┌──
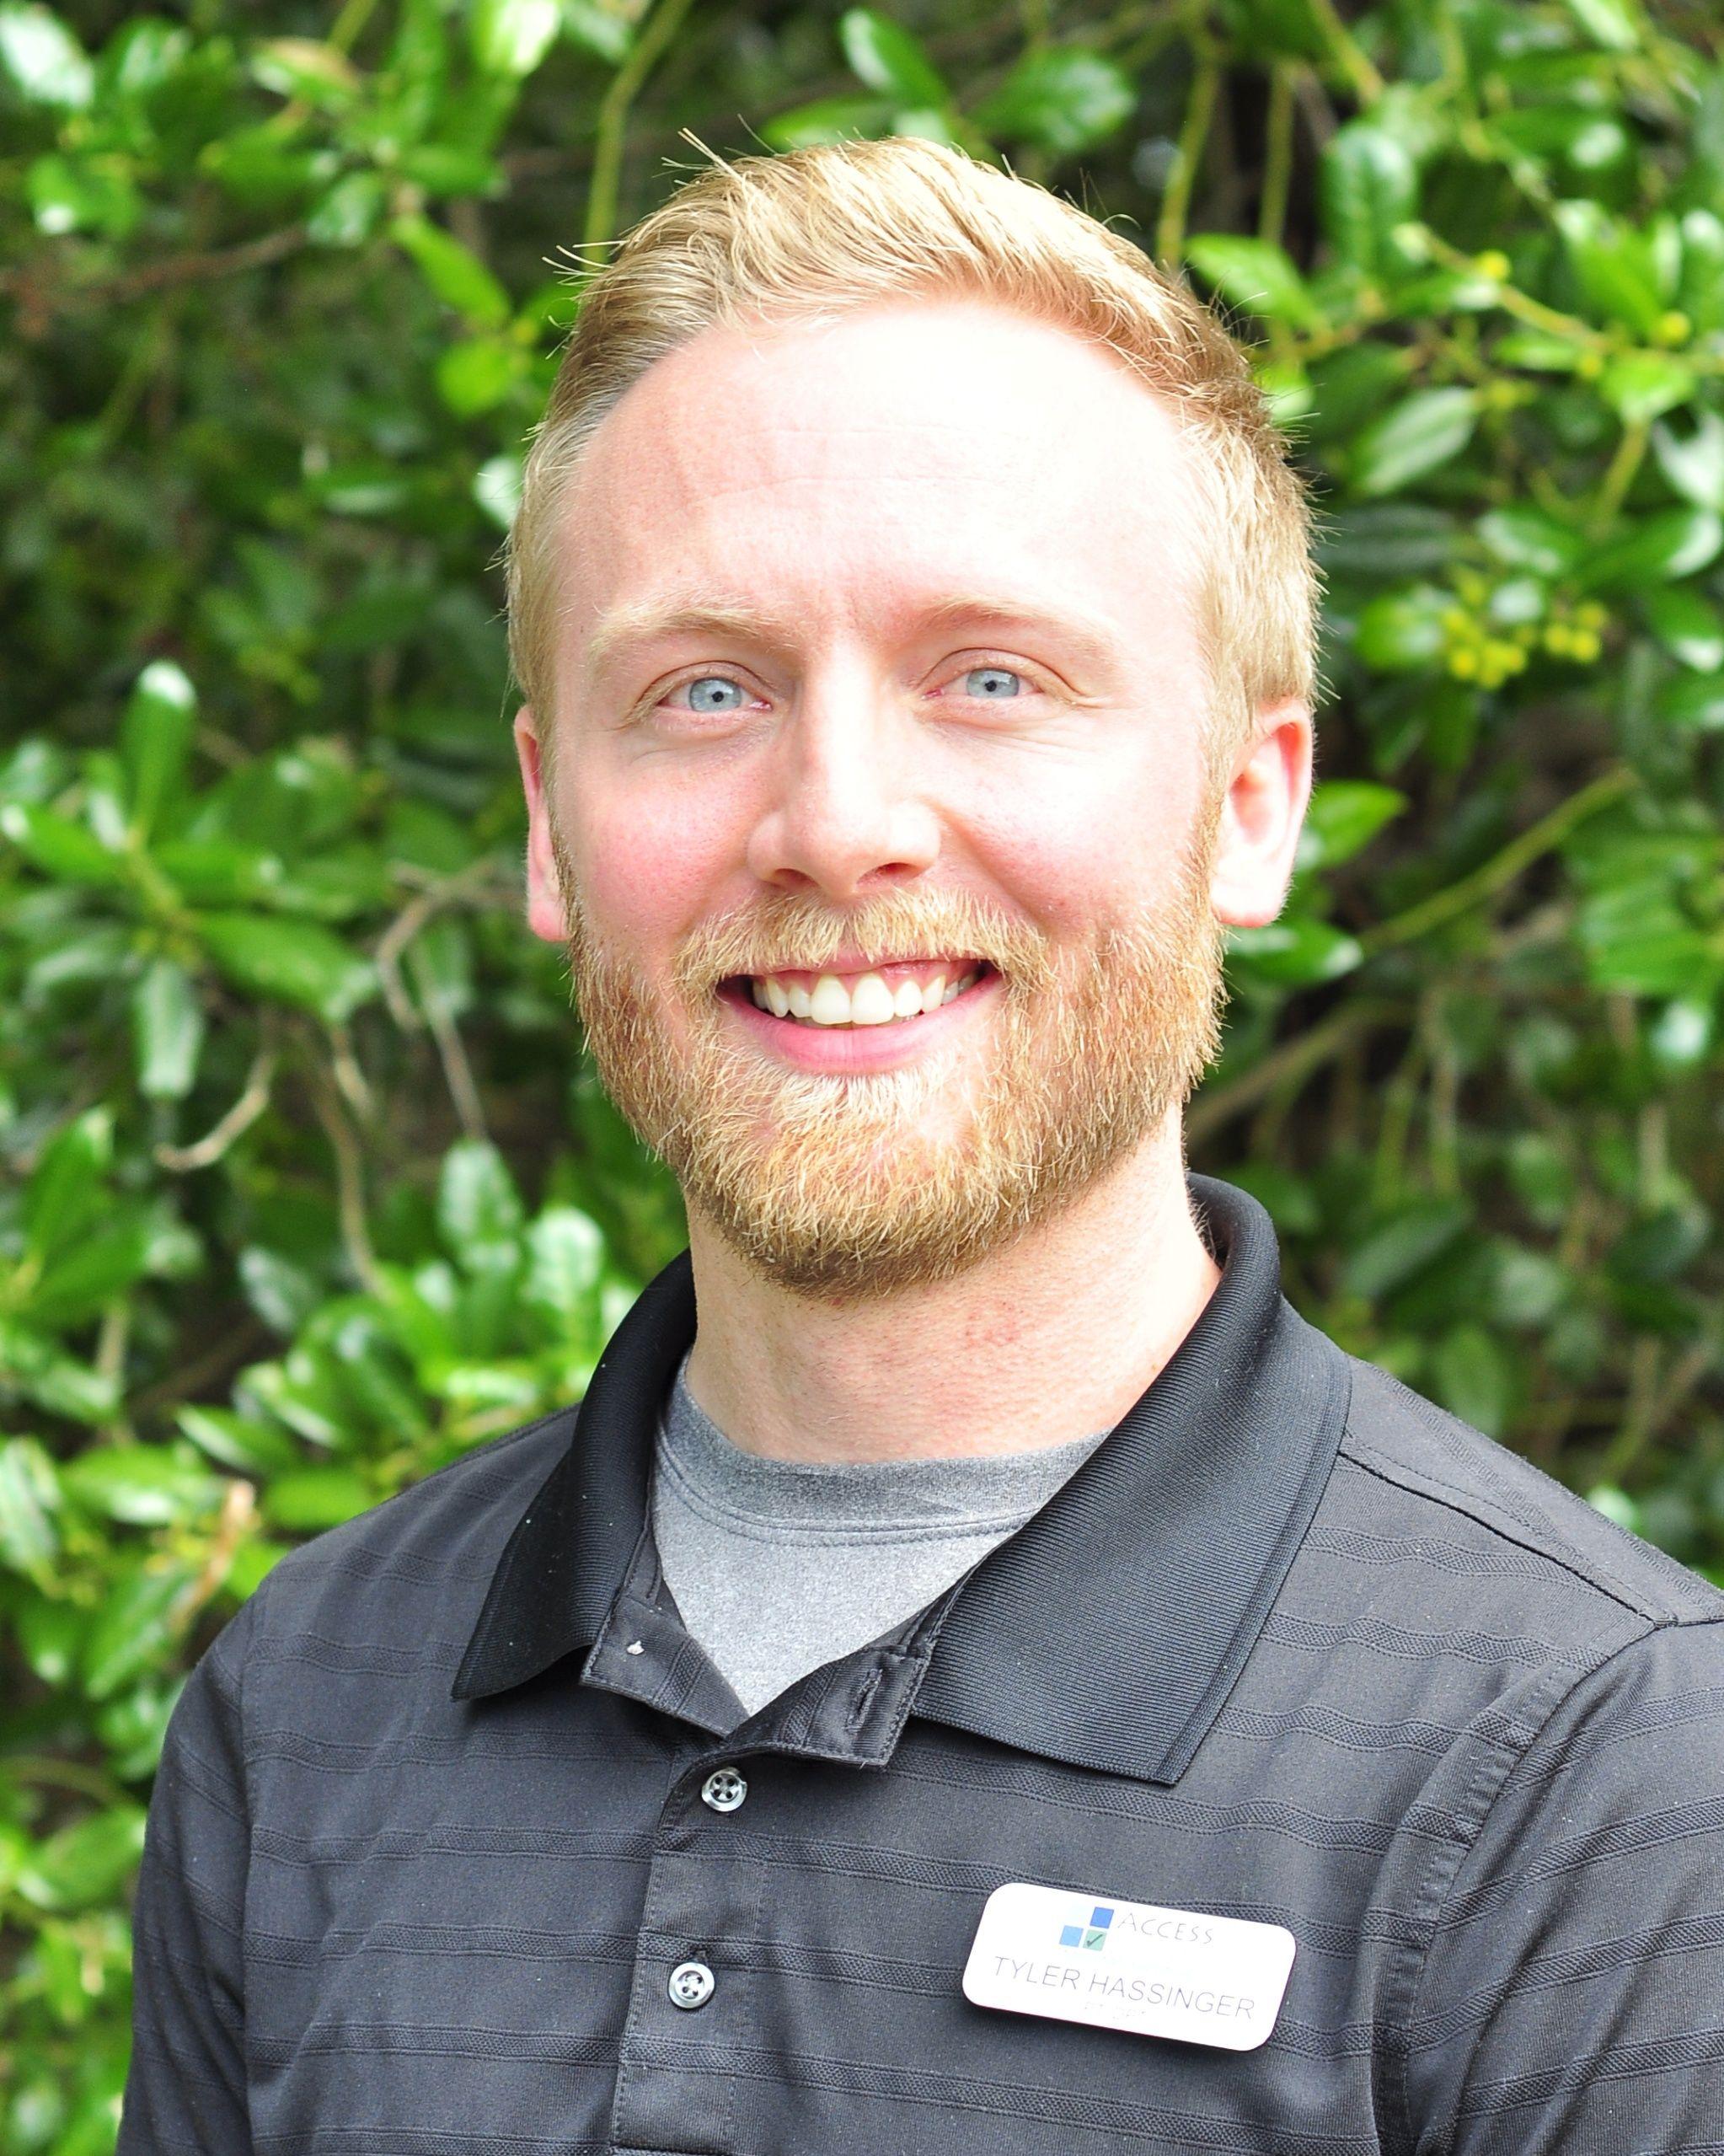 Tyler Hassinger, PT, DPT
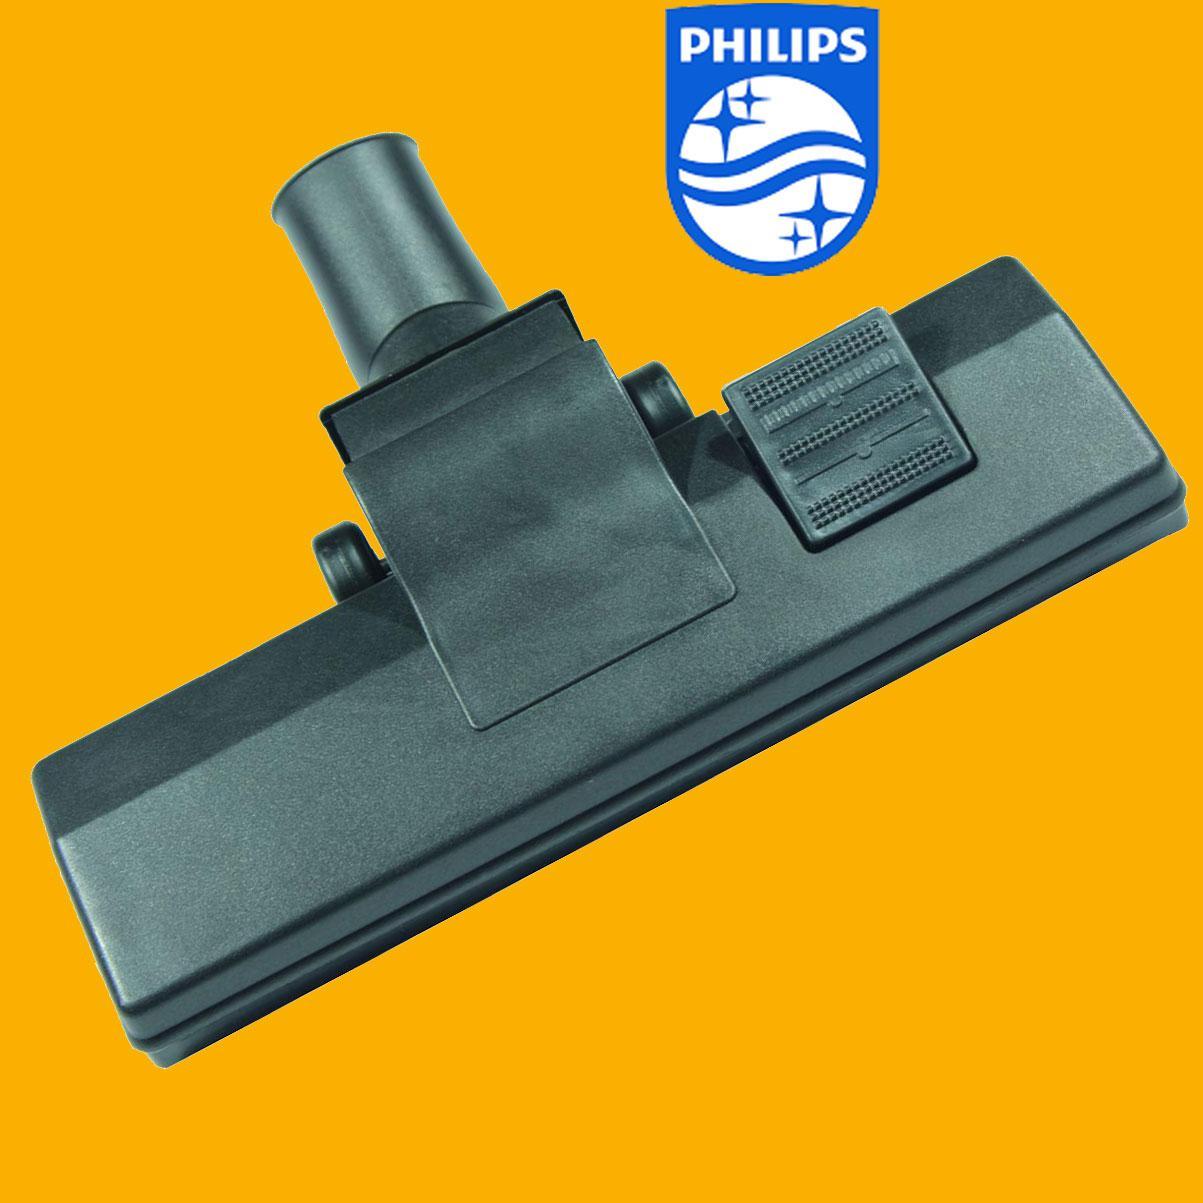 Щетка для пылесоса Philips под трубу
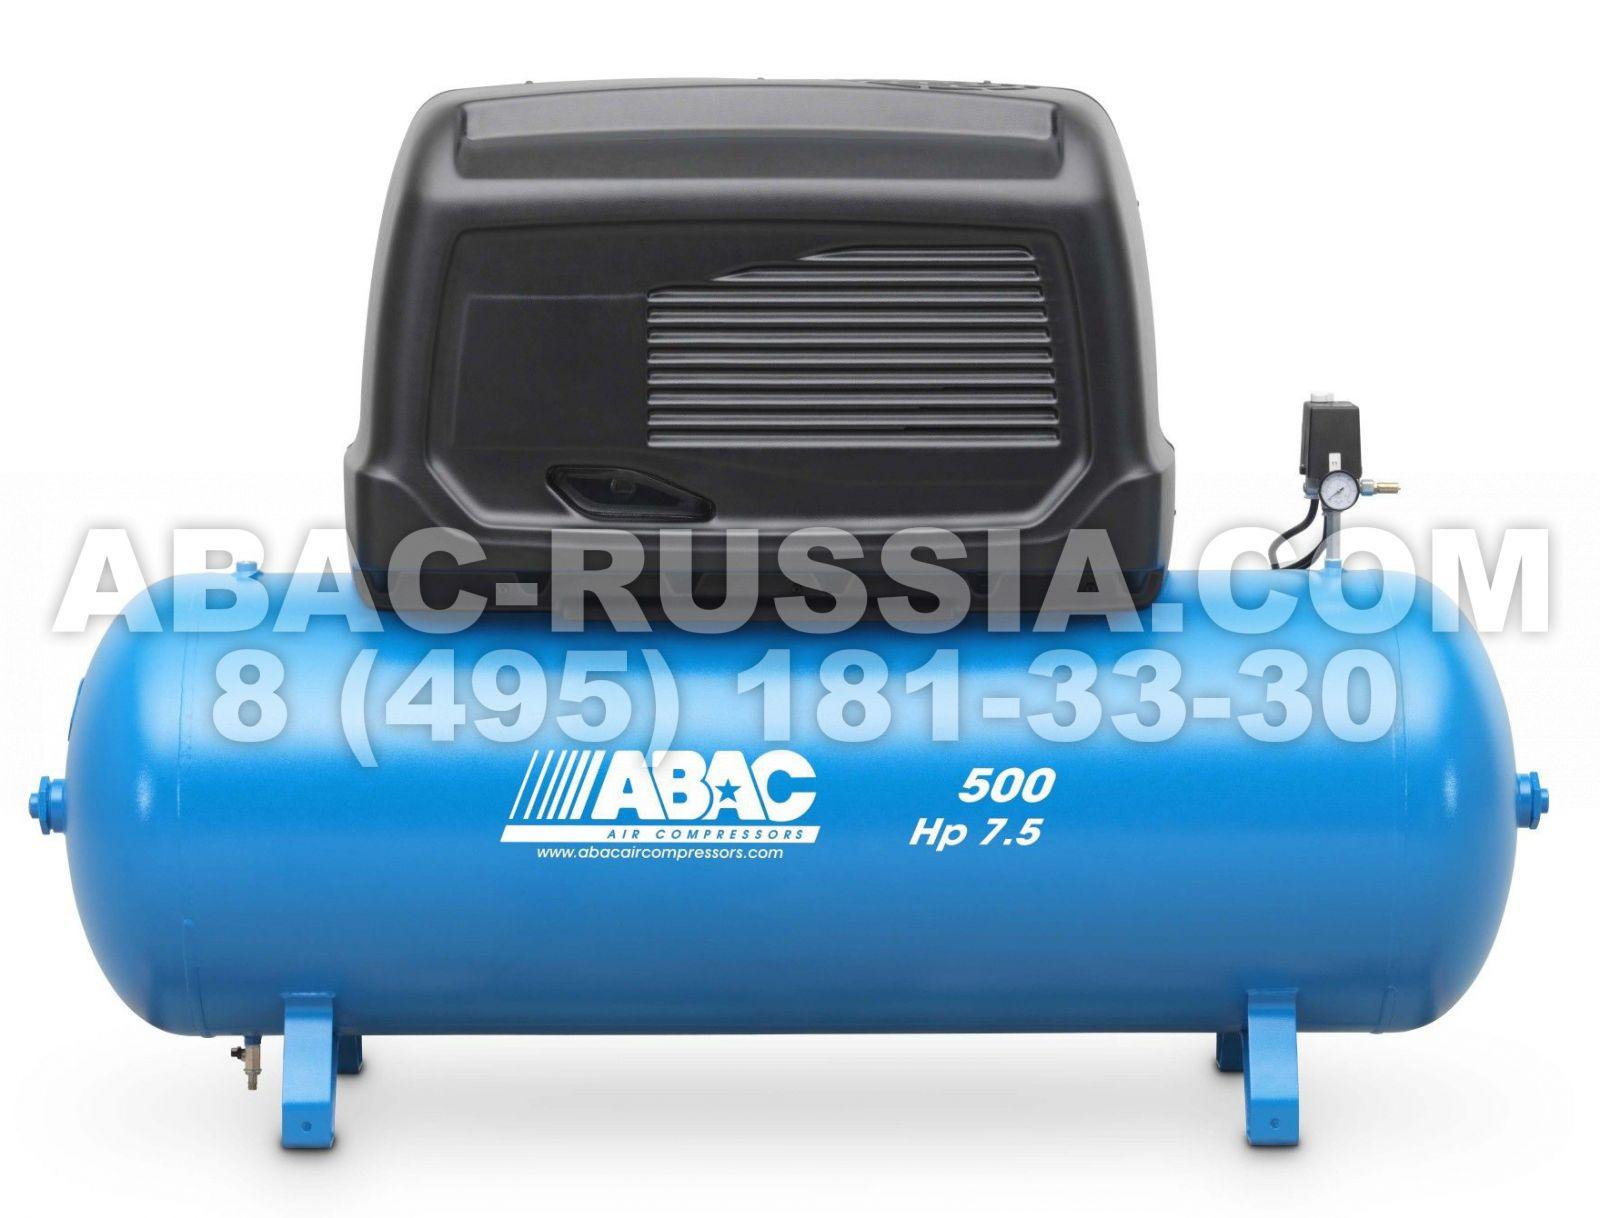 Поршневой компрессор ABAC S B6000/500 FT7.5 4116007337
└──
Before handing back the copy, remove the pictures; otherwise print the data exactly.

* _EXERCISE ANSWER_:
 Tyler Hassinger, PT, DPT
 Щетка для пылесоса Philips под трубу
 Поршневой компрессор ABAC S B6000/500 FT7.5 4116007337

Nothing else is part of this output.